Figure 1.4 – Round trip efficiency of a Sirius Supercap

9. Core concepts and Sirius
Core concepts relevant to Sirius
Sirius does not play by any of the rules that chemical batteries have to conform to.
Chemical batteries need to be oversized by a large factor. Sirius do not need to be oversized.
Chemical batteries need to be cooled if the ambient is not suitable, Sirius can handle the temperature.
Chemical batteries lose capacity as they age, Sirius is the same at day 1 as any day in year 45.
The energy that Sirius receives, it will give back less 1%.

10. Summary
In order to satisfy the requirements of cyclic battery applications, in practical terms “ideal storage” is required. The Sirius Supercap battery comes the closest to ideal storage of any technology out there currently.

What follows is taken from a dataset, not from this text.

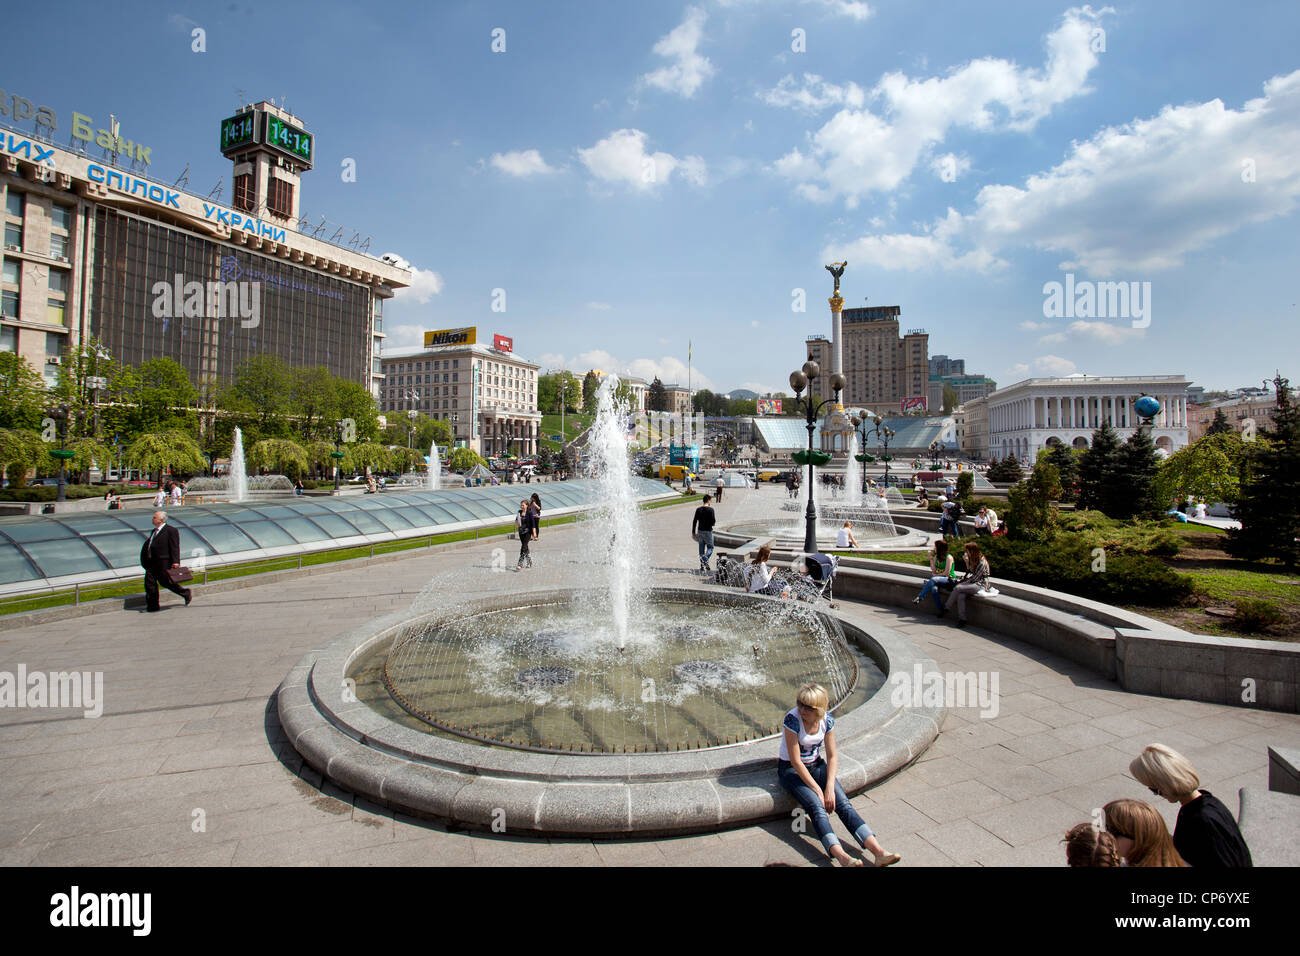 Independence Square in Kiev, Ukraine. Stock Photo
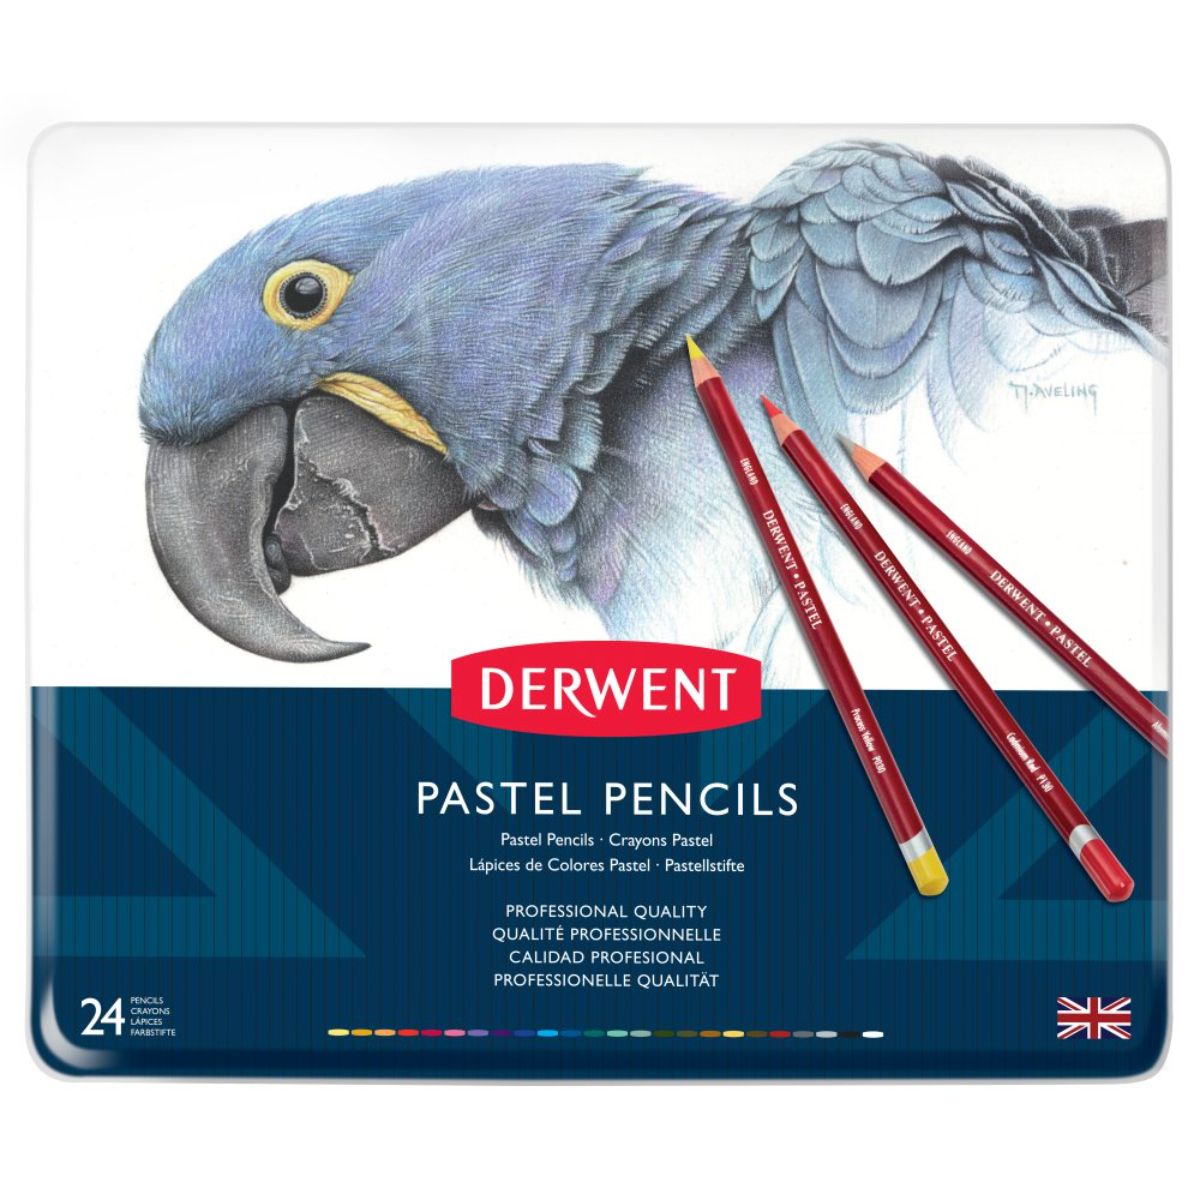 ダーウェント パステルペンシル メタルケース 24色セット 文具 高級色鉛筆 イギリス製

Chemical batteries have many shortcomings and although Capex is slightly less than Supercap, OPEX soon catches up.
The main advantages of Supercap are:
The “slow charge” Sirius Supercapacitor achieves 1.35C, resulting in a charge and discharge time of 45 minutes.
The “fast charge” Sirius Supercapacitor achieves 112.5C, resulting in a charge and discharge time of 32 seconds.
The round trip efficiency is 99.1% if one were to discard the cable losses connecting the battery.
Operating temperature range is -25°C up to 75°C with no damage to the unit.
Expected lifespan 1 Million cycles for capacitors.
No degradation expected during lifespan.
Expected operational life of 45 years.
10-year warranty.
No change in capacity at different charge rates.
Safeties that protect the battery from overvoltage, under-voltage and short circuit.